TP8+DCP8 Benchmark Output

============ Serving Benchmark Result ============
Successful requests:                     994       
Failed requests:                         6         
Request rate configured (RPS):           100.00    
Benchmark duration (s):                  631.35    
Total input tokens:                      7952000   
Total generated tokens:                  438872    
Request throughput (req/s):              1.57      
Output token throughput (tok/s):         695.13    
Peak output token throughput (tok/s):    2618.00   
Peak concurrent requests:                988.00    
Total Token throughput (tok/s):          13290.35  
---------------Time to First Token----------------
Mean TTFT (ms):                          227780.13 
Median TTFT (ms):                        227055.20 
P99 TTFT (ms):                           451255.55 
-----Time per Output Token (excl. 1st token)------
Mean TPOT (ms):                          398.60    
Median TPOT (ms):                        472.81    
P99 TPOT (ms):                           569.91    
---------------Inter-token Latency----------------
Mean ITL (ms):                           104.73    
Median ITL (ms):                         43.97     
P99 ITL (ms):                            483.37    
==================================================

DCP Gain Analysis

Furthermore we analyzed the gain achieved by DCP.
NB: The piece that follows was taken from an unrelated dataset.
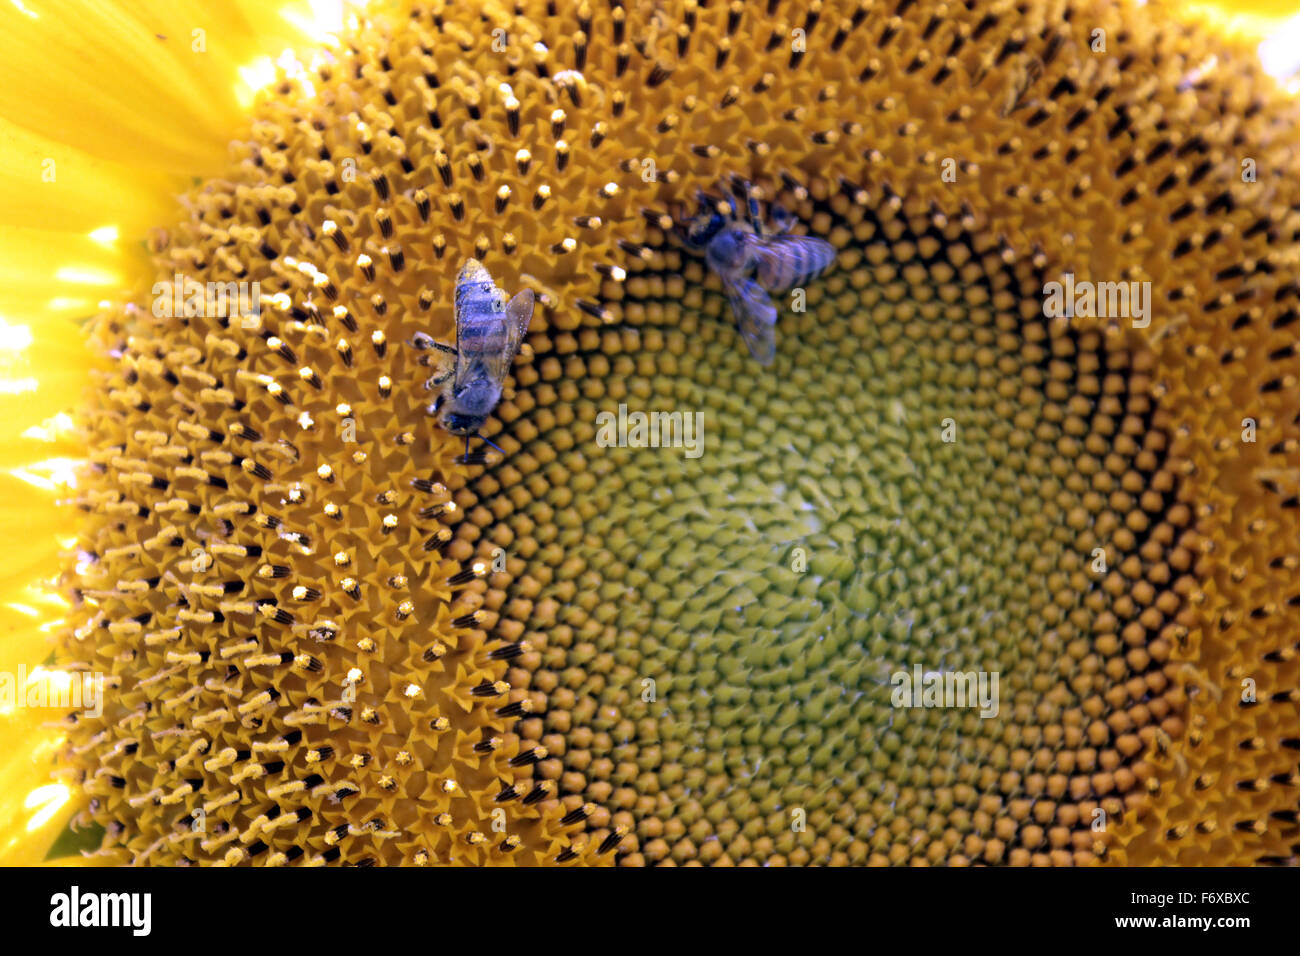 Honey bees feeding on nector on a sunflower garden Stock Photo

Metric TP8 TP8+DCP8 Change Improvement(%)
Request Throughput(req/s) 1.25 1.57 +0.32 +25.6%
Output Token Throughput(tok/s) 485.78 695.13 +209.35 +43.1%
Mean TTFT (sec) 271.2 227.8 -43.4 +16.0%
Median TTFT (sec) 227.4 227.1 -0.3 +0.1%

You can observe from the service startup logs that the kv cache token number has increased by 8 times.

  • TP8
    (Worker_TP0 pid=591236) INFO 11-06 12:08:54 [gpu_worker.py:349] Available KV cache memory: 46.80 GiB
    (EngineCore_DP0 pid=591074) INFO 11-06 12:08:55 [kv_cache_utils.py:1229] GPU KV cache size: 715,072 tokens
    
  • TP8+DCP8
    (Worker_TP0 pid=666845) INFO 11-06 15:34:58 [gpu_worker.py:349] Available KV cache memory: 46.80 GiB
    (EngineCore_DP0 pid=666657) INFO 11-06 15:34:59 [kv_cache_utils.py:1224] Multiplying the GPU KV cache size by the dcp_world_size 8.
    (EngineCore_DP0 pid=666657) INFO 11-06 15:34:59 [kv_cache_utils.py:1229] GPU KV cache size: 5,721,088 tokens
    

Enabling DCP delivers strong advantages (43% faster token generation, 26% higher throughput) with minimal drawbacks (marginal median latency improvement). We recommend reading our DCP DOC and trying out DCP in your LLM workloads.